Actor, Performer, Citizen – Helsinki

Actor, Performer, Citizen – Helsinki

REGISTRATION NOW OPEN!

Actor, Performer, Citizen:
Thinking new modes of being in Performance & Philosophy

A research meeting organized by the PSi Performance and Philosophy Working Group in cooperation with the Theatre Academy Helsinki and the Finnish Doctoral Programme for Music, Theatre and Dance.

8-9 April 2011

Theatre Academy, Helsinki

The event is free to attend.
To register, please email helena.hongisto@teak.fi <mailto:helena.hongisto@teak.fi>

Presenters: Annette Arlander, Andy Best, Franziska Bork Petersen, Broderick Chow, Fred Dalmasso, Eve Katsouraki, Esa Kirkkopelto, Tuija Kokkonen, Johanna Linsley, Artemy Magun, Nikolaus Müller-Scholl, Cormac Power, Merja Puustinen, Janelle Reinelt, Freddie Rokem, Donna Soto-Morettini, & Steve Wilmer

This research meeting seeks to address a core question: How might the performing arts transform the role of the citizen in contemporary society?
Today, as global neo-liberalism and its critics suggest, every wo/man is a performer in his or her own life; every wo/man is an actor in both the private and public sphere. In other words, the performing body itself remains a battleground of debate. As obvious or familiar as such an argument may seem, this meeting begins from the premise that the dynamics and actual forms of this debate nevertheless tend to escape us.

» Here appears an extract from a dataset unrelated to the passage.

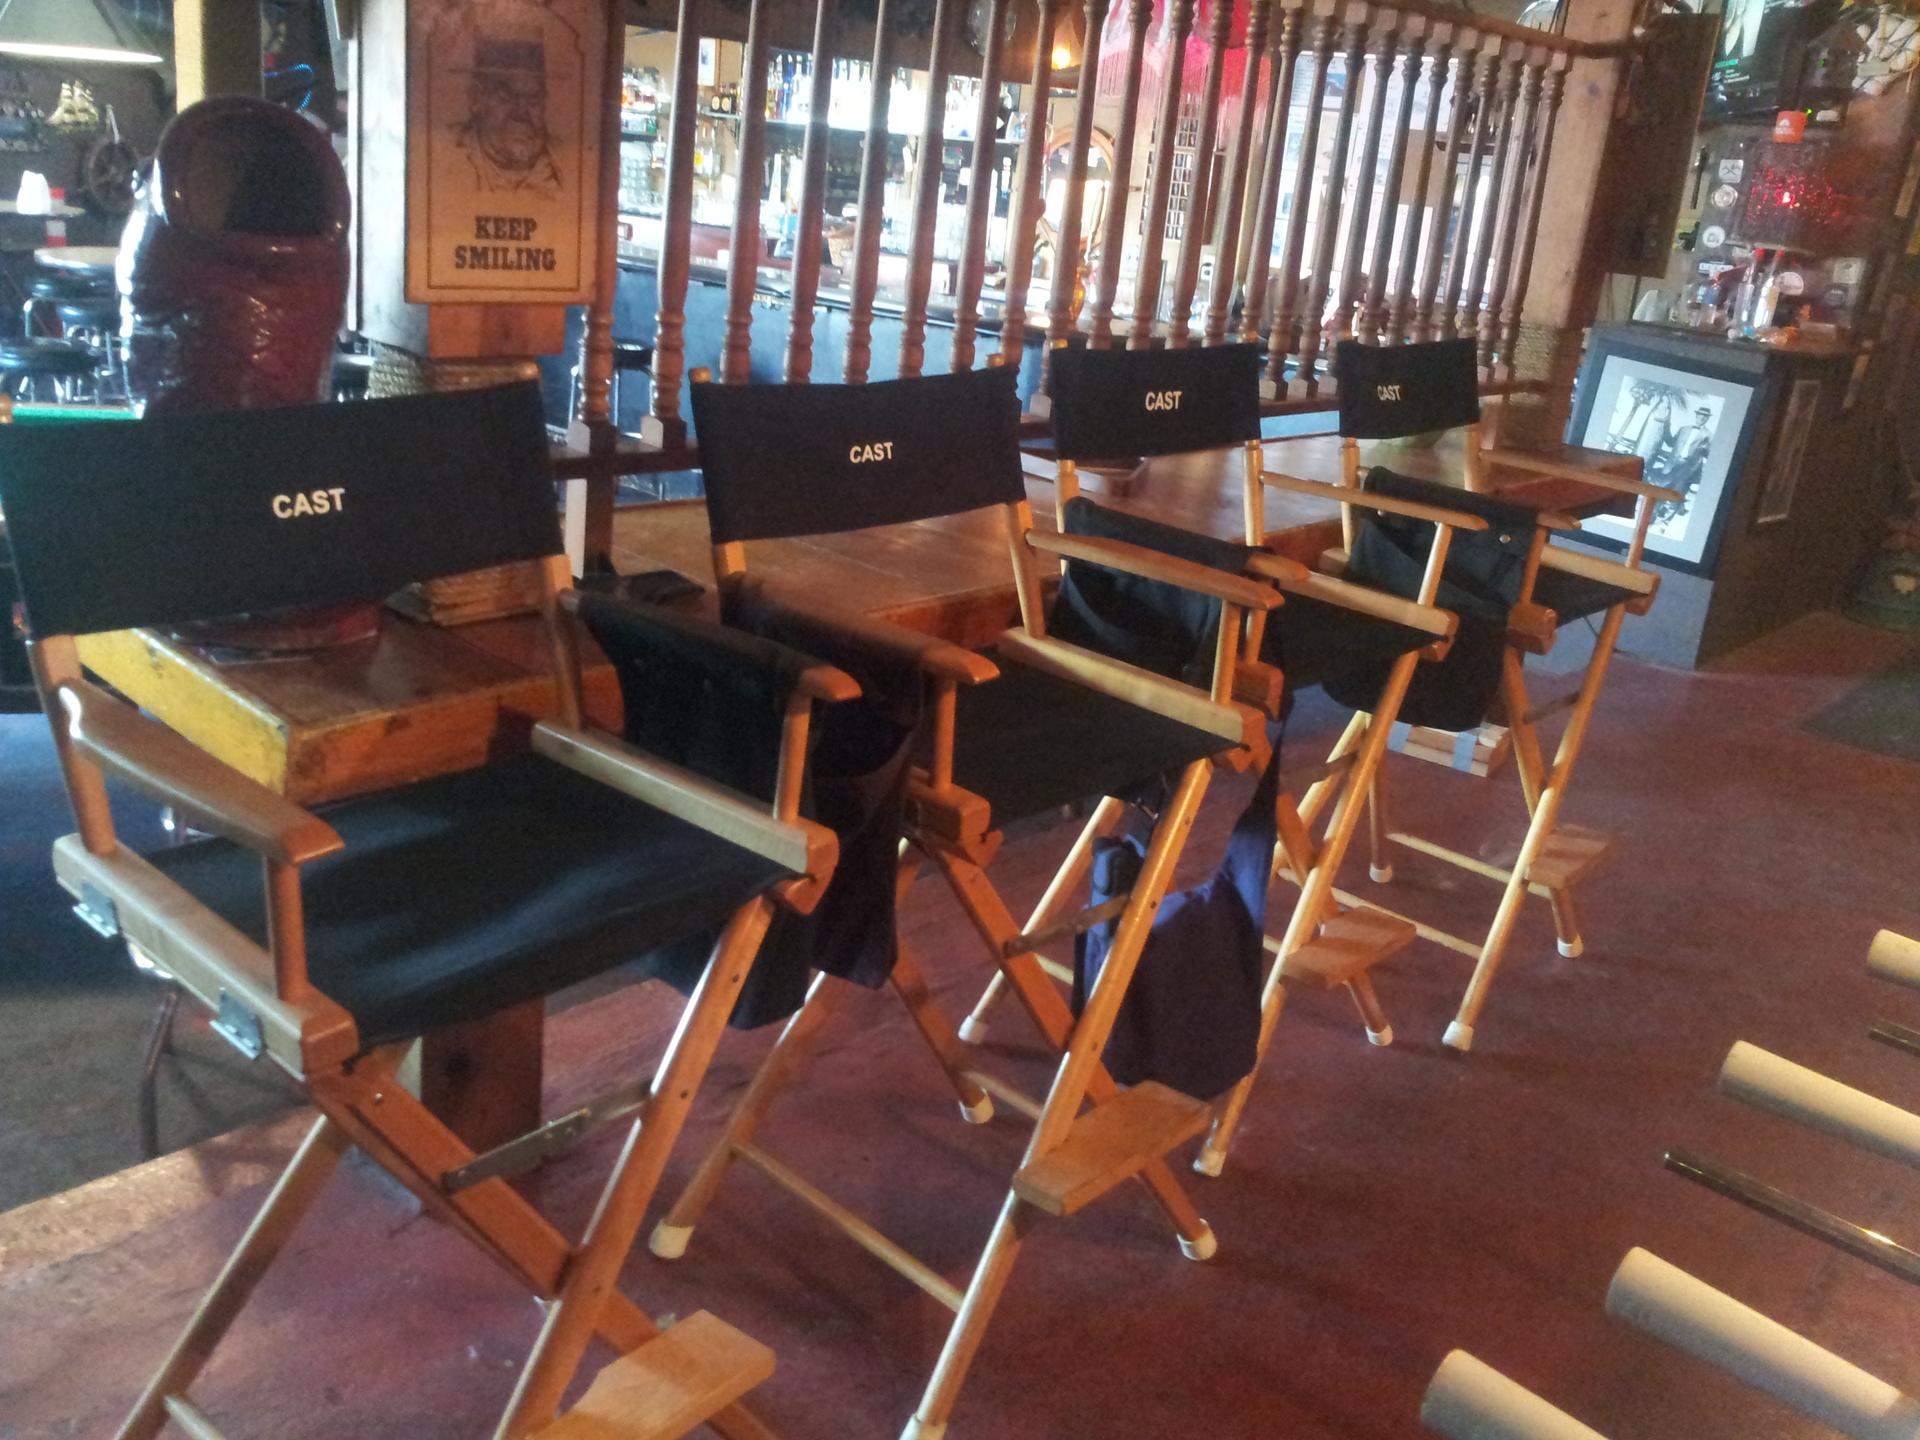 cast seats at a film set. cast seats seup prior to a filming at a local bar.

Throughout their modern history, the performing arts have displayed and tested the various ways in which the human body can resist appropriation by social norms, ideologies and oppressive political powers. However, it has arguably been much less clear what kinds of corporeality and concrete modes of being together have been positively defined, affirmed or called for. The contemporary quest for a new kind of citizenship, and a renewed idea of social and political responsibility, has struggled with a simultaneous allergy towards given models, utopian ideals and teleological goals, not to mention its resistance to education (paideia, Bildung) through and by means of art. Yet, since the programmes of early Romanticism, the necessity of some type of ?aesthetic education? has been a more or less constant, underlying aspect of artistic revolutions ? particularly, in the performing arts where the basic element of artistic operation is the acting and speaking human body. Every crucial change in this field, every new way of integrating a human body into a work of art as its constitutive element, has implied a more or less articulated idea of citizenship. Each new performance of corporeality suggests a way in which wo/man should take charge of his or her membership in a given society.

To whom is contemporary performance addressed, if it is no longer to a supposedly universal subject or majority, in the form of spectators or audience? If it is no longer to a common denominator, a bourgeois subject or a global worker with his or her supposed needs and rights? What new kinds of actor, performer or citizen might performance & philosophy affirm?